As shown in Table 4, the R2 statistic for the FA frequency of all models is relatively low, and it increases slightly with additional model complexity. This means that these simple regression models can account for some variabilities in the first FA frequency and damping ratio. For example, R2 is 0.48 for Model 3, indicating that 48% of the variability in the output (first FA frequency) has been explained by the regression model. The R2 for the first FA damping ratio is larger than those for the FA frequency, 0.64 for Model 3; therefore, the variability of the first FA damping ratio is better explained by the regression models. The R2 of the first FA damping ratio also increases slightly when adding model complexity.
The regression coefficients of the normalized inputs can indicate the influence of inputs on the output, i.e., the level of sensitivity. As shown in Table 5, rotor speed has the largest coefficient, β ^ 2 = 0.06, for the first FA frequency, so the first FA is most sensitive to rotor speed. It should be noted that the coefficient values are relative. The parameters with larger effects on the first FA damping are rotor speed and power while wind speed and pitch angle also show moderate effects.

4. Discussion

In this study, a stiffening effect is observed on the first tower natural frequency in the FA direction by increasing wind speed and rotor speed from idling to operation. The first FA natural frequency increases by 8.5% from 0.272 Hz to 0.295 Hz. The stiffening of the wind turbine system mostly happens in Regions 1 and 2 of the power curve. In Region 3 of the power curve, the rotor speed is constant, and, as the wind speed increases from 12 m/s to 31 m/s, the first FA natural frequency slightly increases from 0.295 Hz to 0.297 Hz. The stiffening of the first FA mode can likely be attributed to the centrifugal stiffening of the blades. This is supported by the fact that the simulation with rigid blades (therefore without centrifugal stiffening effects) did not show a stiffening of the first FA mode. Based on the simulation results, the pitch angle of blades also affects the natural frequency of the first FA mode. It also increases the first FA damping ratio.
The first FA damping ratios identified from the measurements over the considered time windows vary between 0 and 15% with a mean value of 5.9% and standard deviation of 3.0%. A simplified analytical calculation was presented and provided a mean damping ratio of 7.7% for the first FA mode considering the aerodynamic damping, which is close to the identified damping ratios. The OpenFAST results show that the damping ratio of the first FA mode increases from 1% to 8.5% when the wind speed changes from 0 to 11 m/s, whereas it stays constant for greater wind speeds (as the blades are pitched and the rotor speed is constant).
In parked conditions (nonrotating), we do not observe significant variations of the first FA and SS natural frequencies as the wind speed increases. We observe some aerodynamic damping in the nonrotating case, but it is significantly lower than in the operating case.
From the coefficients of regression models fitted to the experimental results, the first FA natural frequency was observed to be more affected by the rotor speed compared to other operational and environmental factors considered. The change in FA damping ratio depends on rotor speed, power, and to a lesser extent on wind speed and pitch.
Based on the experimental and the simulation results, the natural frequency and damping ratio of the first SS mode are generally constant and do not show significant variation with operational and environmental conditions.

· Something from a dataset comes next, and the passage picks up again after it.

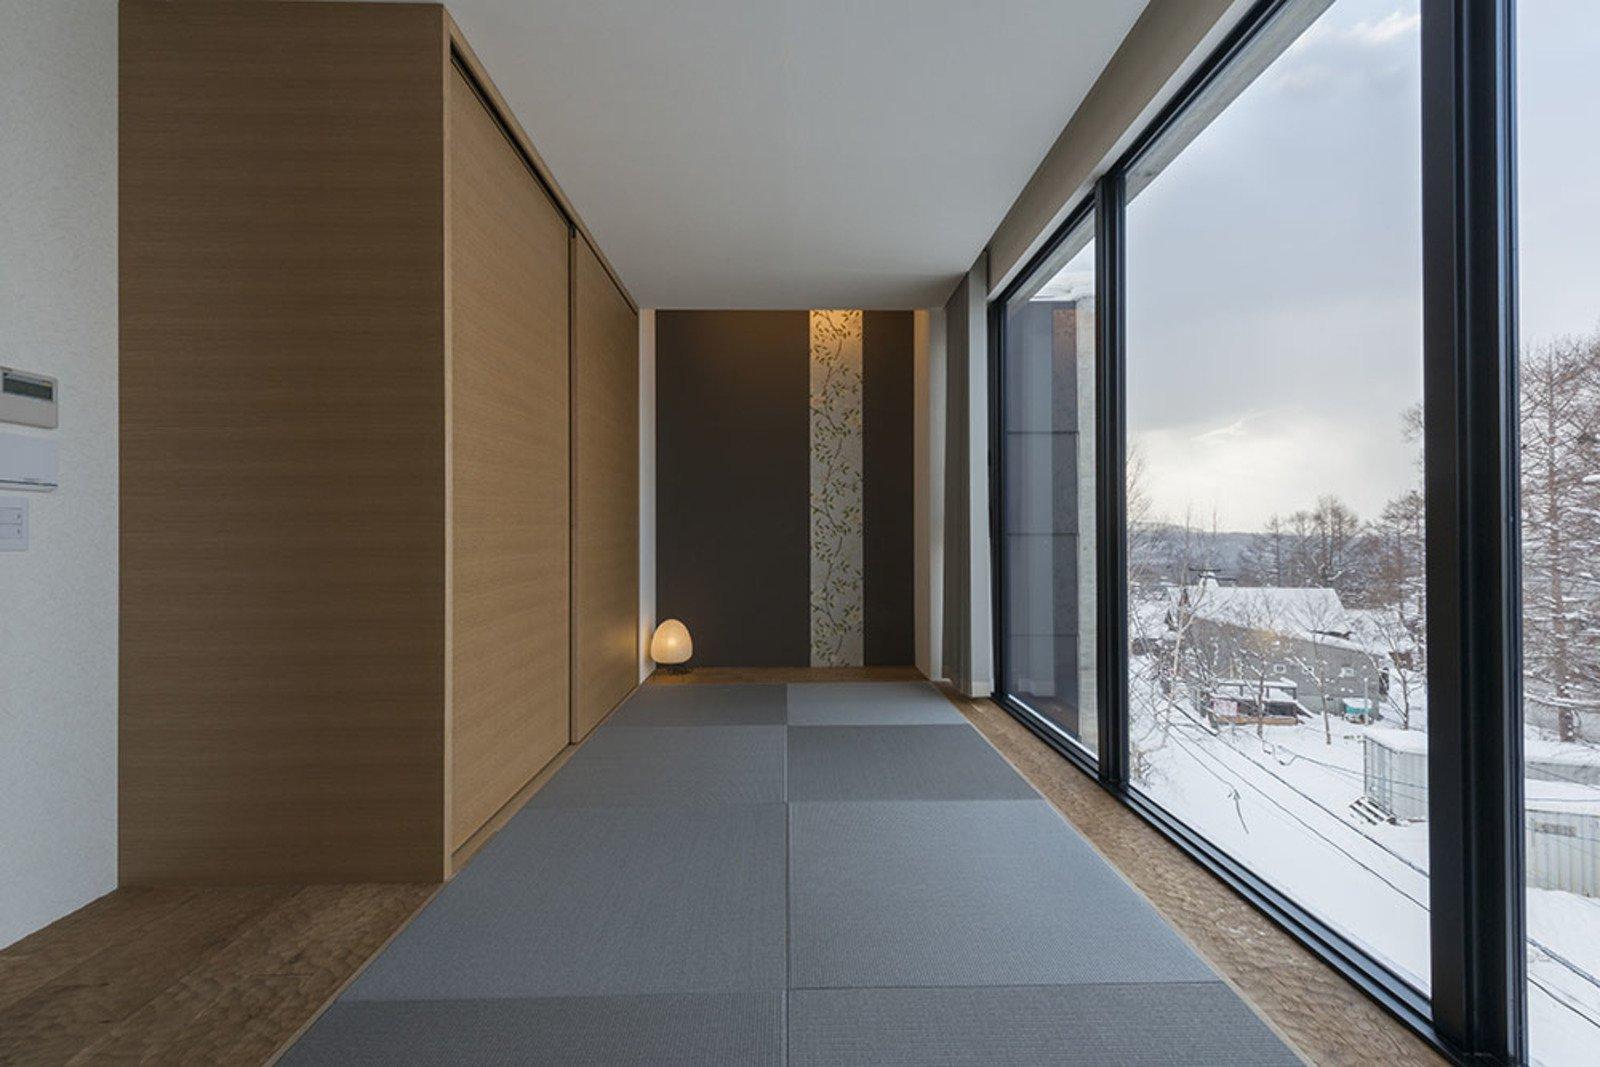 Penthouse tatami room large

5. Summary and Conclusions

In this paper, we developed three models of an OWT with a jacket support structure in the BIWF using the OpenSees, SAP2000, and OpenFAST modeling tools and compared their modal parameters with experimental data. Using the OpenFAST model, we investigated the dependencies of the first FA and SS natural frequencies and damping ratios with respect to several operational and environmental conditions for the B2 OWT. Furthermore, regression models were used to study the sensitivity of six operational variables on the natural frequency and damping of the first FA mode of this OWT using experimental data. Based on results from simulations and the regression model, we observed that the increases in wind speed, rotor speed, power, and pitch angle of blades have stiffening effects on the first FA natural frequency and increase the first FA damping ratio of the B2 OWT. It is concluded that there is about 8% stiffening, i.e., an increase in the first FA frequency, and the aerodynamic damping is 7.5% during the operation of the turbine. On the other hand, the impacts of yaw angle, soil spring stiffness, and the presence of water or mean sea level on the first FA natural frequency and damping ratio of the jacket-supported B2 OWT are negligible.
We expect that the stiffening effect of rotor speed, wind speed, power, and pitch angle of blades on the first FA natural frequency and their impacts on the first FA damping ratio are true for other fixed-bottom OWTs (e.g., monopiles). We also expect that the yaw angle would not affect the first natural frequency and damping ratio, whereas the conclusions on the soil spring stiffness and mean sea level cannot be extended to monopiles.

Author Contributions

Conceptualization, B.M., E.M.H. and A.R.; software, N.P.-M., E.B. and M.S.; validation, M.S. and N.P.-M.; formal analysis, N.P.-M.; investigation, N.P.-M.; methodology, N.P.-M., E.B. and M.S.; resources, B.M., E.M.H., E.B. and A.R.; data curation, N.P.-M. and M.S.; writing—original draft preparation, N.P.-M.; writing—review and editing, N.P.-M., E.B., M.S., B.M. and E.M.H.; validation, N.P.-M. and M.S.; visualization, N.P.-M. and M.S.; supervision, B.M., E.M.H. and A.R.; project administration, B.M., E.M.H. and A.R.; funding acquisition, B.M., E.M.H. and A.R.; All authors have read and agreed to the published version of the manuscript.

Funding

This research was funded by National Offshore Wind Research & Development Consortium (NOWRDC) grant number 154719. This work was authored in part by the National Renewable Energy Laboratory, operated by Alliance for Sustainable Energy, LLC, for the U.S. Department of Energy (DOE) under Contract No. DE-AC36-08GO28308. Mingming Song acknowledges the support by the National Natural Science Foundation of China (52208199) and the Fundamental Research Funds for the Central Universities.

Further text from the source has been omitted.